Proposed Guide for IAB Diagnosis
P-wave duration > 120 ms indicates IAB. Although even normal P waves may be bifid (“notched”), nearly all P waves > 120 ms are, and the notch separating the RA and LA P-wave components may alert the ECG interpreter to IAB (Fig 1). Any lead may have the most prolonged P wave. Thus, for maximum P-wave measurements, it cannot be overemphasized that evaluation of full 12-lead ECGs is essential in detecting maximum P-wave duration and morphology as compared to single-lead tracings, as the sensitivity increases with the number of leads used.

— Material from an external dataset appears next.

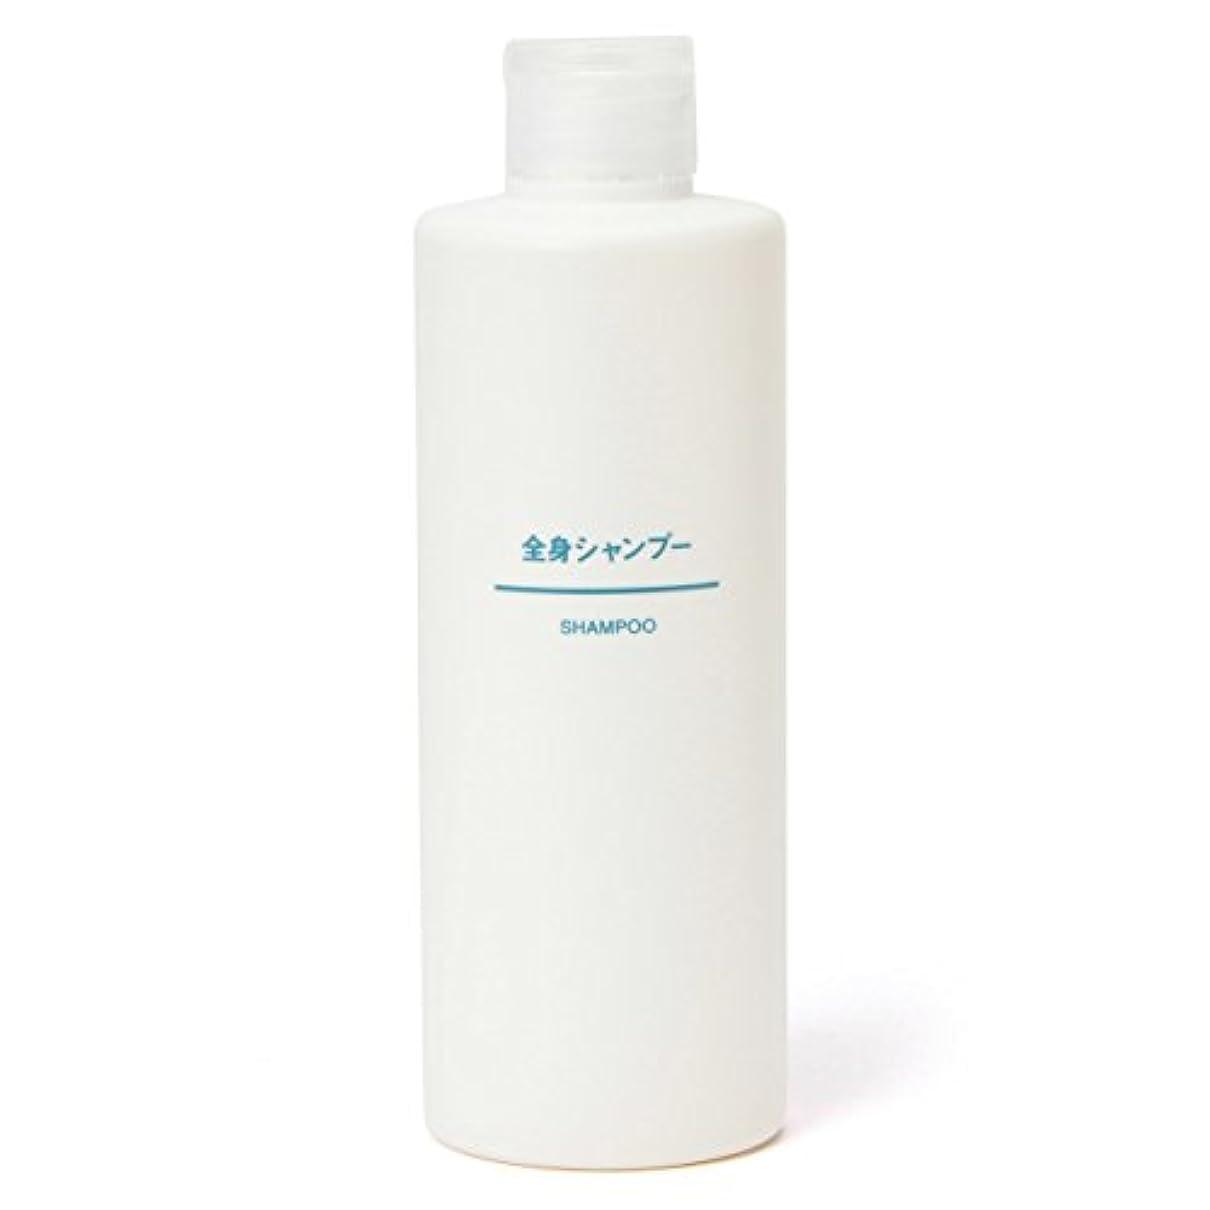 安全哀カンガルー無印良品 全身シャンプー 300ml 日本製

IAB is remarkably prevalent among hospitalized patients. The association between IAB and arrhythmias particularly atrial flutter and fibrillation is well established. Besides the risk of subsequent stroke as a result of atrial thrombosis and especially with such arrhythmias both paroxysmal and chronic many patients are probably also at risk of congestive heart failure from an ineffective “atrial kick.” Hence the importance of awareness and detection of IAB to anticipate and perhaps prevent its sequelae. Today with advancing age many if not most patients do not have merely isolated diseases but have multiple medical problems. As such further investigation is needed to determine the effects of other medical conditions on interatrial conduction such as respiratory diseases and thyroid dysfunction. Although the clinical consequences of IAB may be grave at present absence of controlled clinical trials means that no guidelines can be constructed for managing IAB patients. Do these patients need immediate treatment (ie ACEI anticoagulation; or antiarrhythmic therapy) and if so should it be prophylactic anticipating atrial arrhythmias (ie; anticoagulation)? Would there be a role for pacing in the future given the potential risks already cited for IAB such as atrial fibrillation and congestive heart failure? It is well accepted that electrophysiologic studies can evaluate the propensity of the atria to initiate and perpetuate atrial arrhythmias. While such investigations are needed electro-physiologic studies are inconvenient costly and unsuitable as a screening tool among the general population. Clinically the ECG is an excellent diagnostic tool for demonstrating abnormal interatrial conduction (Fig 1). Therefore ECGs should be carefully scrutinized by clinicians to better understand IAB and cultivate an awareness of its potentially dangerous consequences.